(Material to process Opens)

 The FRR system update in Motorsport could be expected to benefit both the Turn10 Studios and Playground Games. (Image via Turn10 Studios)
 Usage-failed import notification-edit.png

(Material to process Closes)
(Material to process Opens)

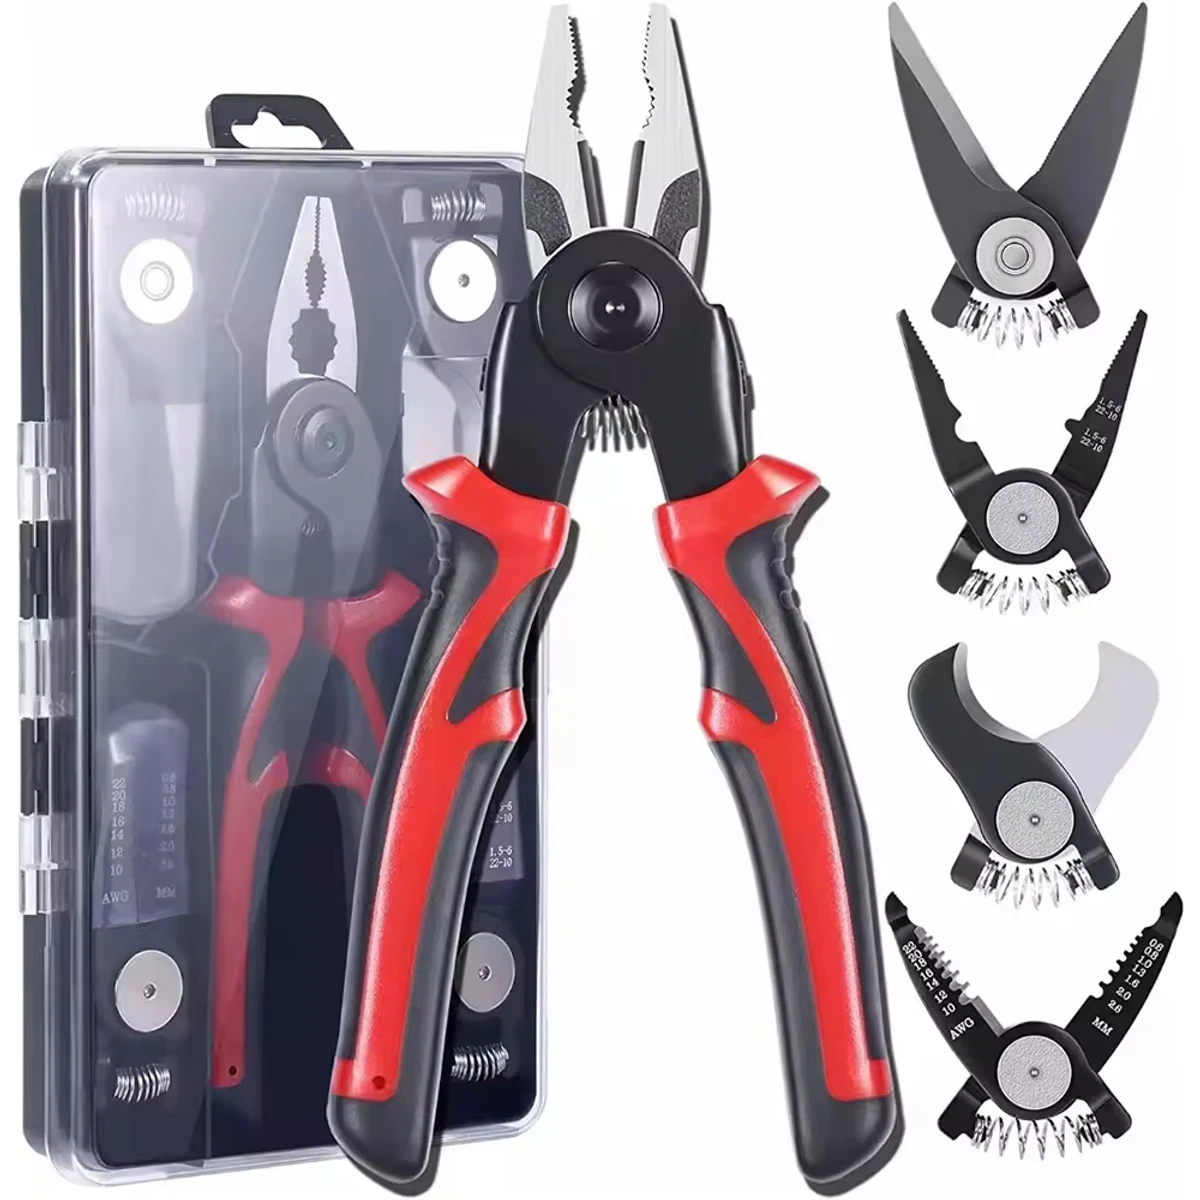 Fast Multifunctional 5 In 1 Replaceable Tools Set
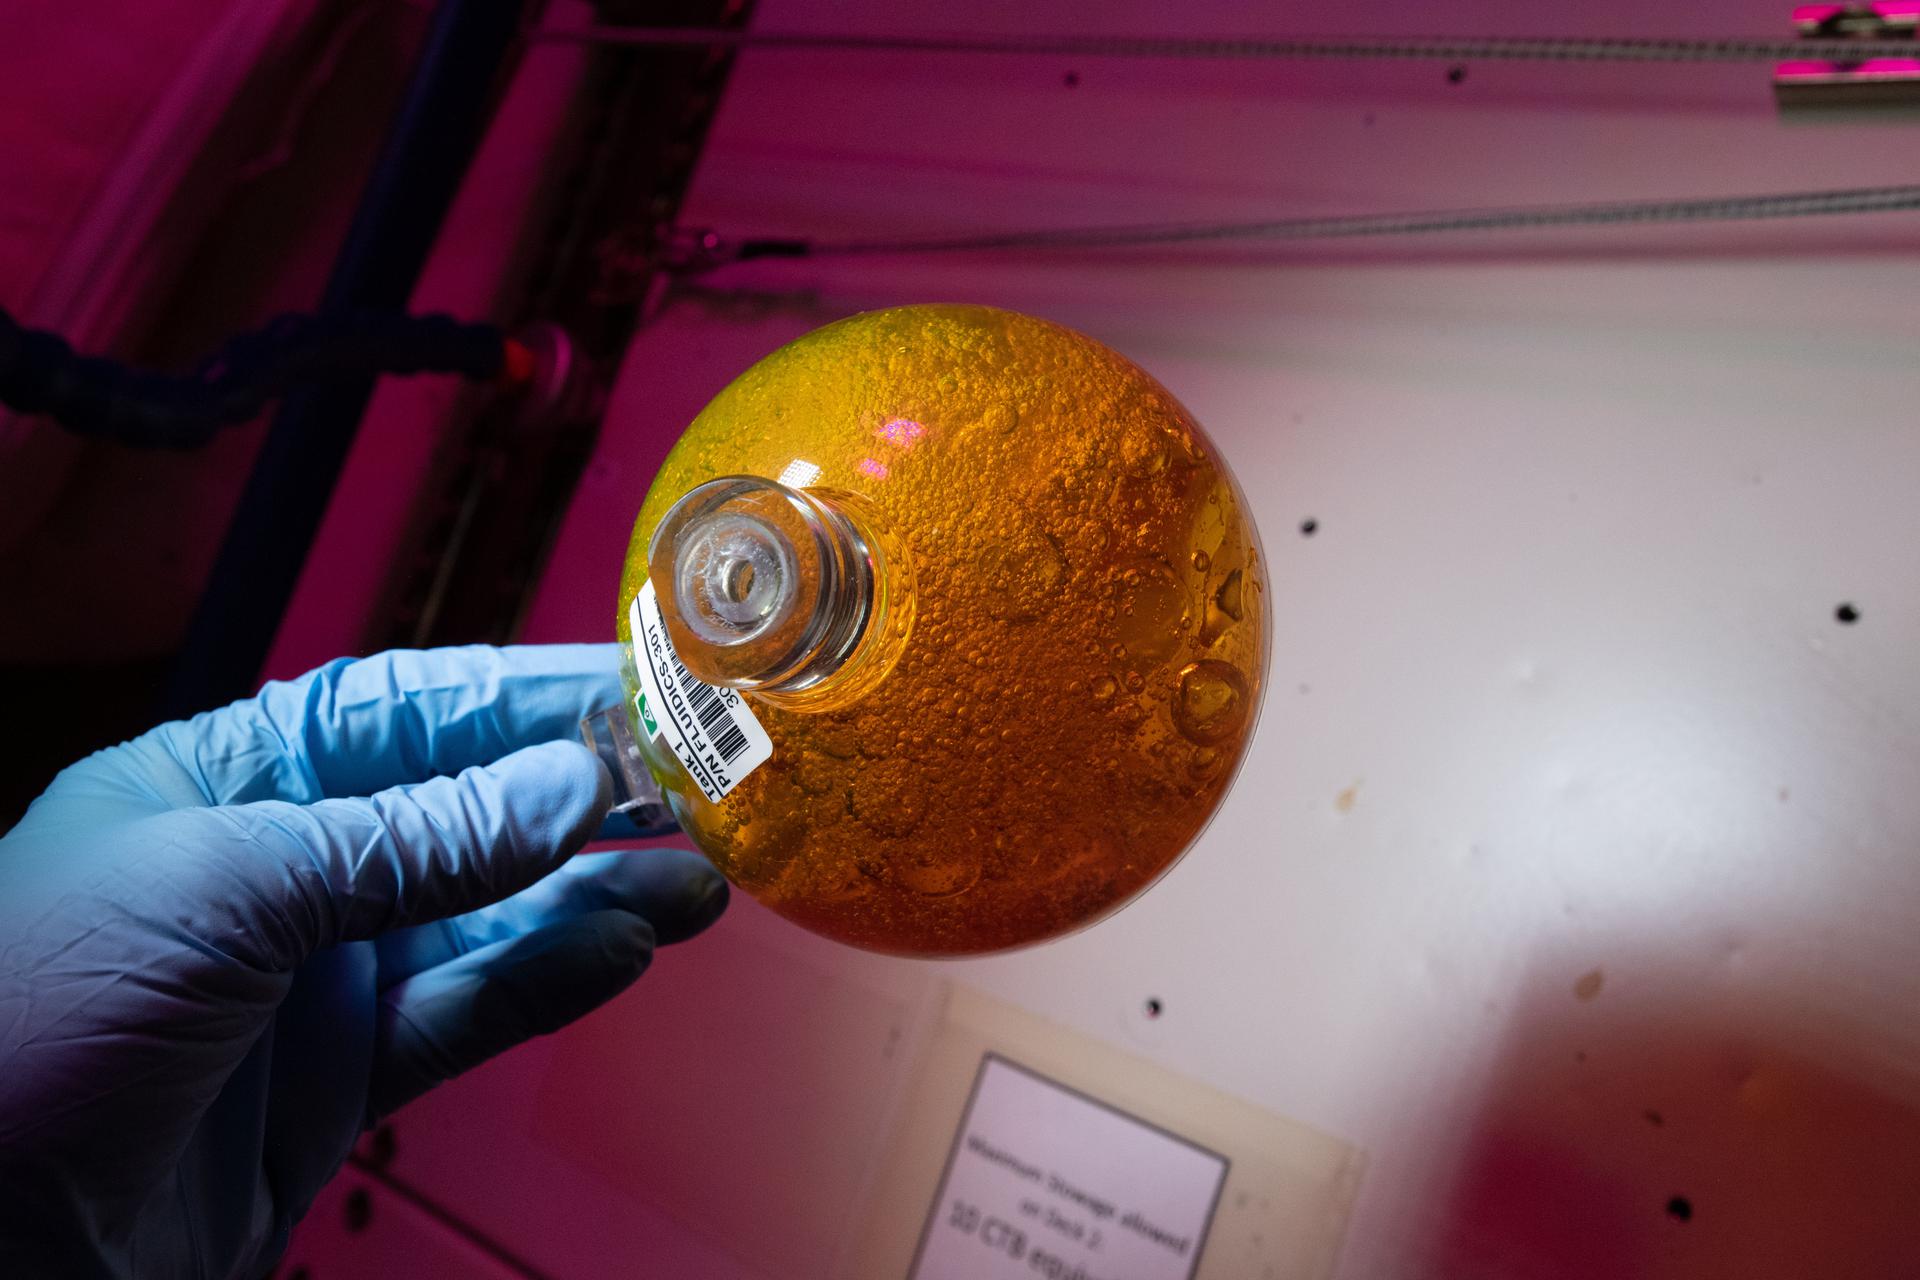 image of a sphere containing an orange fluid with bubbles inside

(Material to process Closes)

- [Required work] Return only the part above that opens with the line containing "Fast Multifunctional 5" and closes with the line containing "image of a sphere", exactly and with both ends, skipping the pictures.

- [Response]
 Fast Multifunctional 5 In 1 Replaceable Tools Set
 image of a sphere containing an orange fluid with bubbles inside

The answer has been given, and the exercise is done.